Second of all, there were some news reports in the last month or two about Ericsson’s market share at one of the Chinese telcos going up significantly. I realize you can’t talk about specific customers, but wondered if you could just talk about the broader situation in markets like China and how you feel about your competitive positioning and opportunities?

Carl MellanderSenior Vice President & Chief Financial Officer & Head of Group Function, Finance, and Common Functions

Should I take cash flow first? So, if we break a bit that’s — and you’re right to say that the majority of the improvement there comes from the improved profit as such. But, if we look at working capital, and — given the high business activity we have, we see some buildup in the quarter of inventory. And that’s followed to some extent by payables as well, because it goes together often with inventory buildup as well, because it’s sourced obviously from third parties, to a large extent.

But what a good part here in working capital also was accounts receivable, which came down following good collections in the quarter. So, I think that pretty much summarizes the most important points there. And that generated an — as Börje said before, it’s positive cash flow of SEK 2.2 billion, which we haven’t really seen in a second quarter for a long time. And also, looking at year-to-date, we are SEK 5.7 billion better than 2018.

Peter NyquistVice President & Head of Investor Relations

Okay. Then, market share?

Börje EkholmPresident & Chief Executive Officer

Market share — it is — so far, in China, we’re very early in the 5G cycle. So, it’s a little bit too early to have a firm view. What we are clearly aiming for is that we would be — have a stronger market share in 5G than in 4G, and we have invested for that and conducted trials for that. But we will have to see and make sure that we’re competitive to see that we end up there. We will know a lot more in the next few months, and then we can talk more about it. But that’s where we are right now.

Alexander DuvalGoldman Sachs Group, Inc. — Analyst

That’s great, and maybe just [crosstalk]

Börje EkholmPresident & Chief Executive Officer

[Crosstalk] — also say we are — we have — it’s always a bit hard to know exactly what the microdata will show once it comes.

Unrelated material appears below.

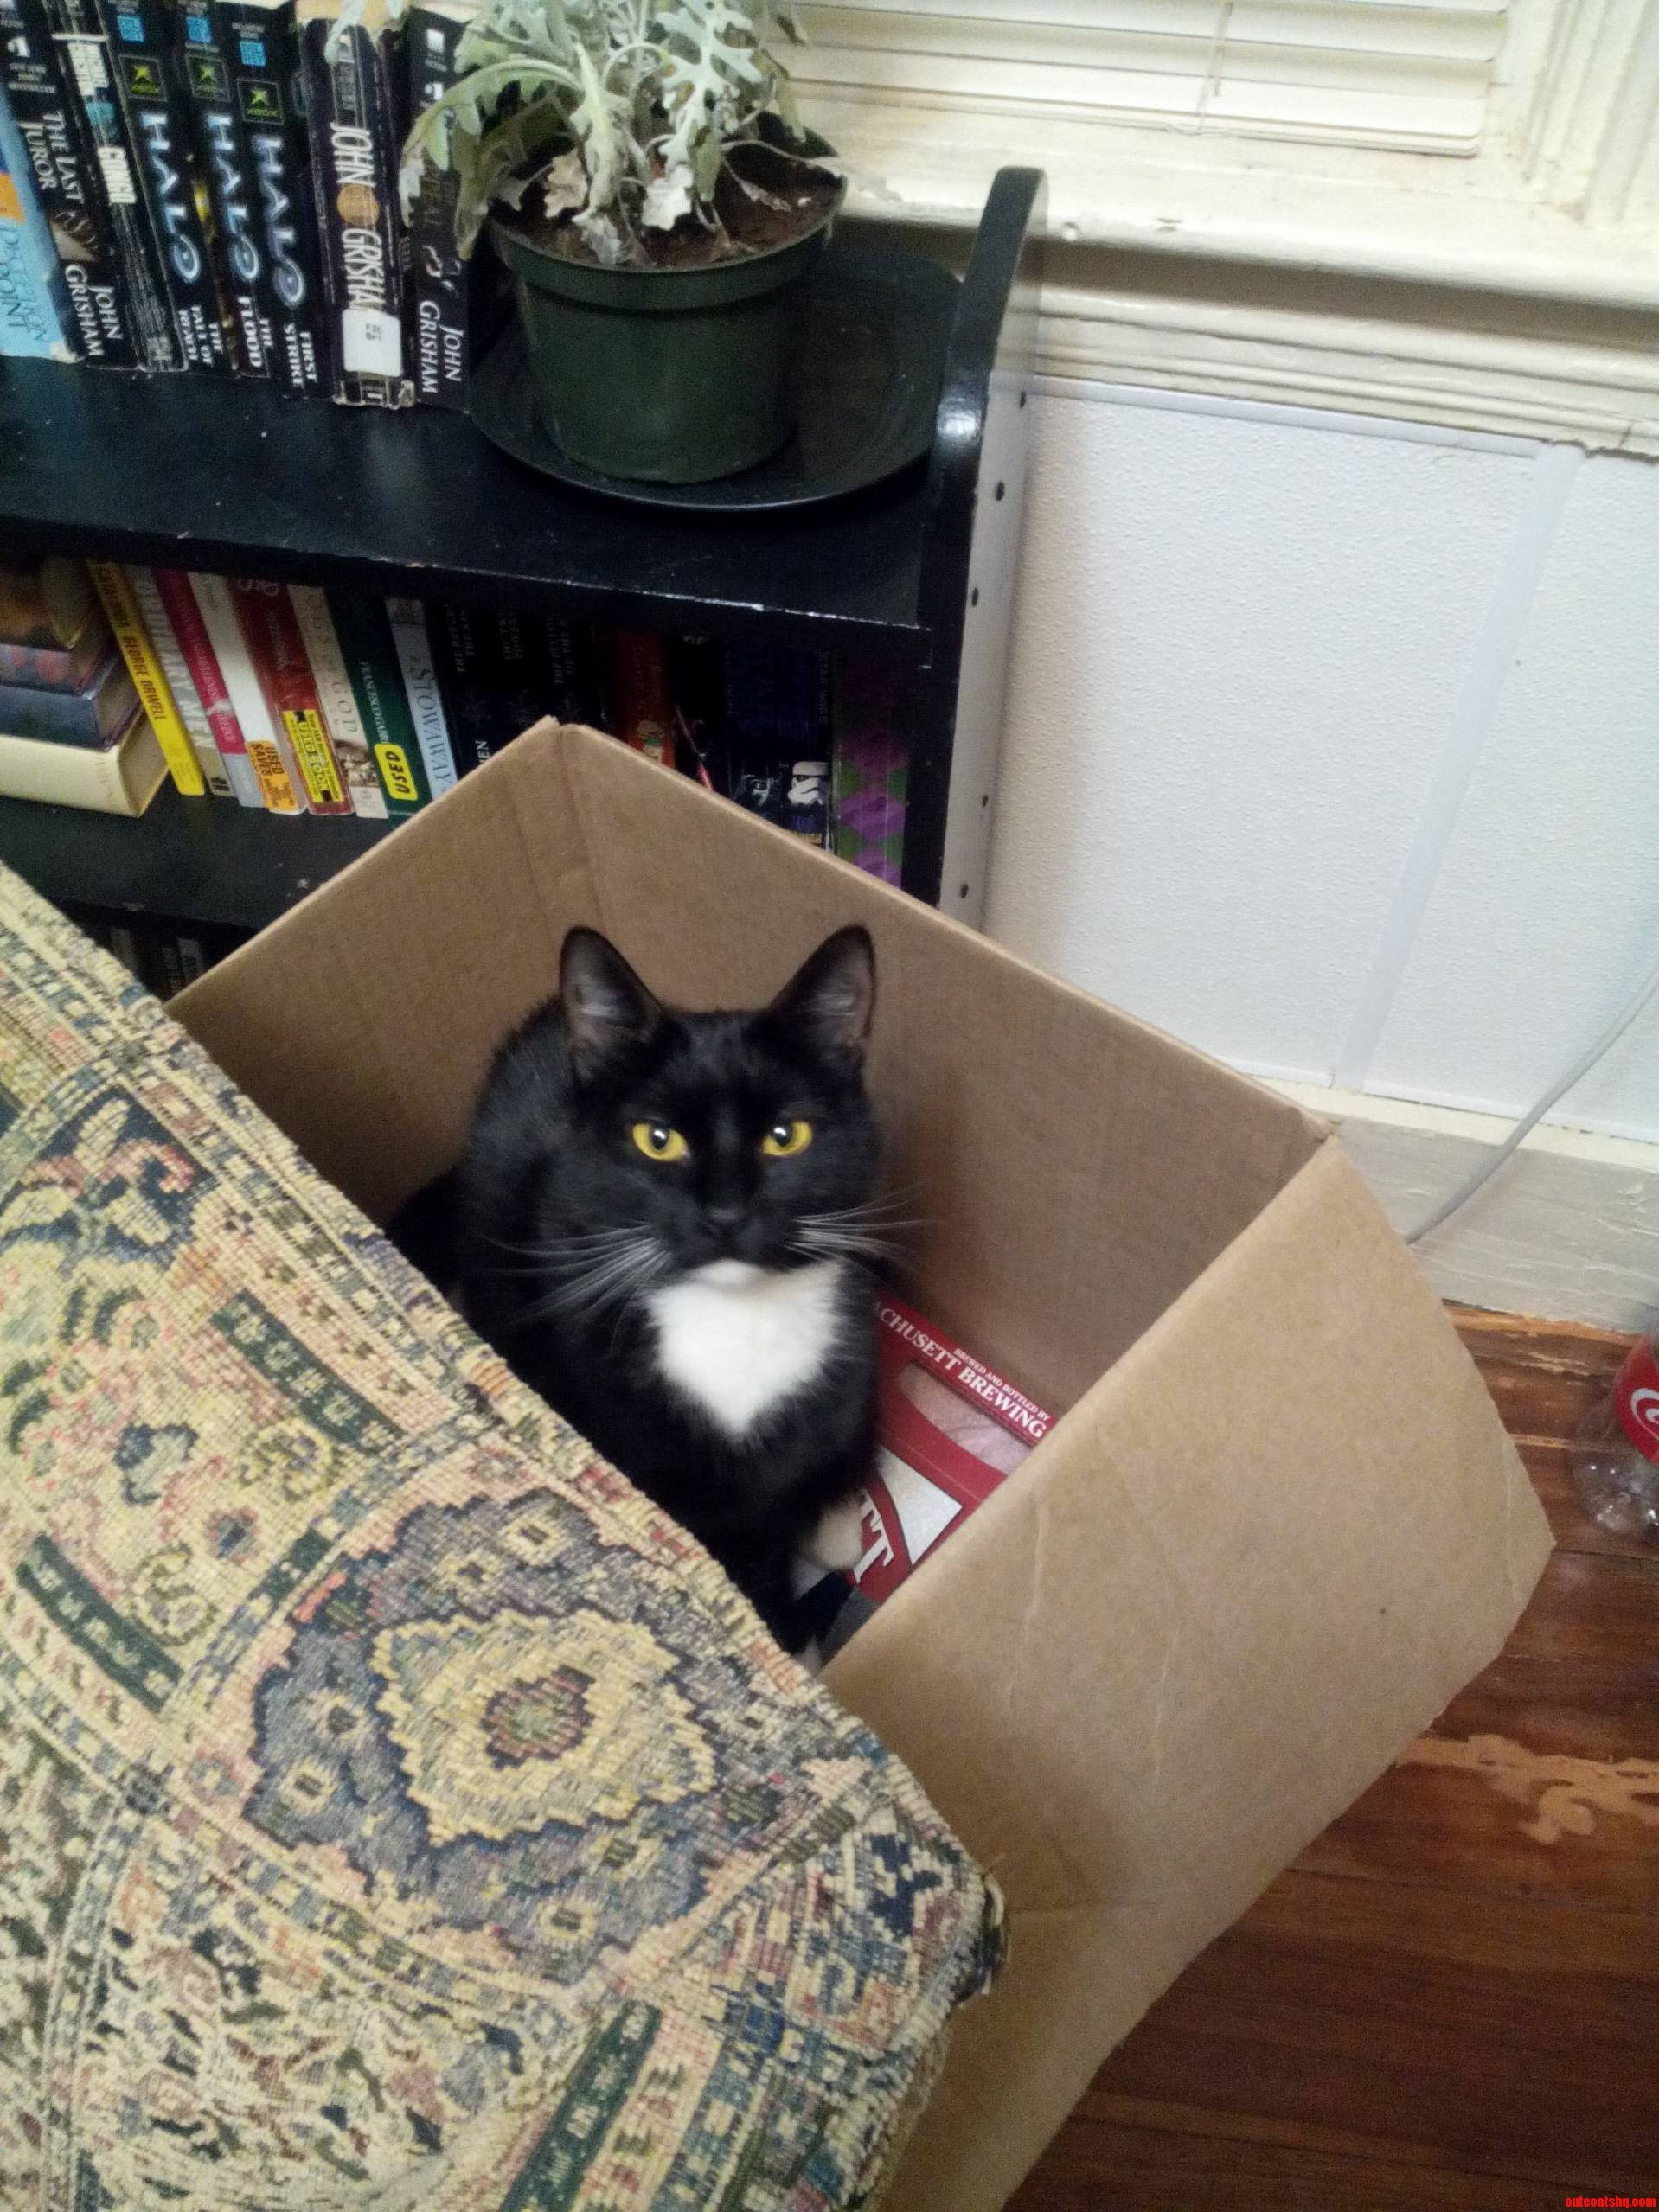 Margot also loves boxes

So, we will see that. But we believe that we have a very competitive offering and that we are gaining market share in several geographies.

Alexander DuvalGoldman Sachs Group, Inc. — Analyst

Many thanks.

Peter NyquistVice President & Head of Investor Relations

Okay, .

Alexander DuvalGoldman Sachs Group, Inc. — Analyst

That’s great. Many thanks.

Operator

Okay, we’re now over to the line of Sandeep Deshpande at JP Morgan. Please go ahead. Your line is open.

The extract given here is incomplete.